New River resident Loretta Webber described herself as originally opposed to the project, but said talking to Manning had changed her mind. She said she believed local children would enjoy riding bikes there and could find work at bike shops.

“We need it,” she said. “We’re a dying town, and without you all’s help we’re going to be a dying town.”

Another New River resident, James Burge, who spoke to both the Operations Committee and the full commission, similarly said he had opposed the project but now wanted to work with Echoes to represent the community on the Echoes board. He said the trail could provide jobs and exercise.

“Everybody knows that we’re a community that’s on life support and it needs something to happen,” he said.

But Burge said he wants to help local residents who have concerns.

“I want to look out, to the best of my ability, for those that believe they’ll be invaded,” he said.

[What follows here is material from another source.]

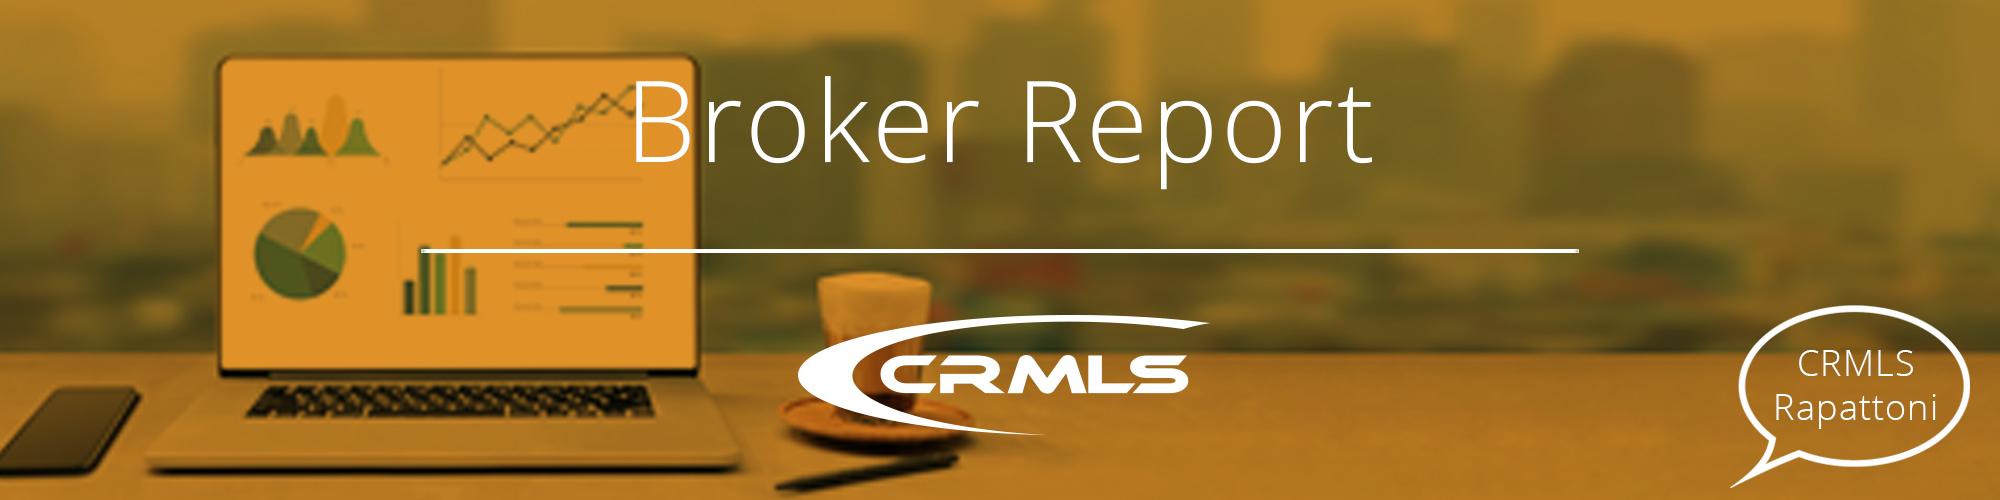 CRMLS Rapattoni Broker Report: September 2021 Edition

Burge told The Courier News that he might support moving the trail away from directly following the rail line to make it less disruptive to adjacent homeowners.

Mike Harris, who grew up in the New River area, attended its former Rosedale School and still owns property in the area, said residents in the past depended on natural resources such as lumber and coal. The remaining natural resource, he said, is natural beauty.

“We have one resource that will never be used up,” he said. “We have the same beauty as Great Smoky Mountains and Frozen Head State Park.”

“We hope this resolution just restores some of the basic necessities this community’s been stripped of,” Isbel said.

Commissioner Shain Vowell warned Echoes that the group needs to take New River area residents’ concerns into consideration.

“If you make a friend from New River, you make a friend for life,” he said. “If you make an enemy from New River, you make an enemy for life.”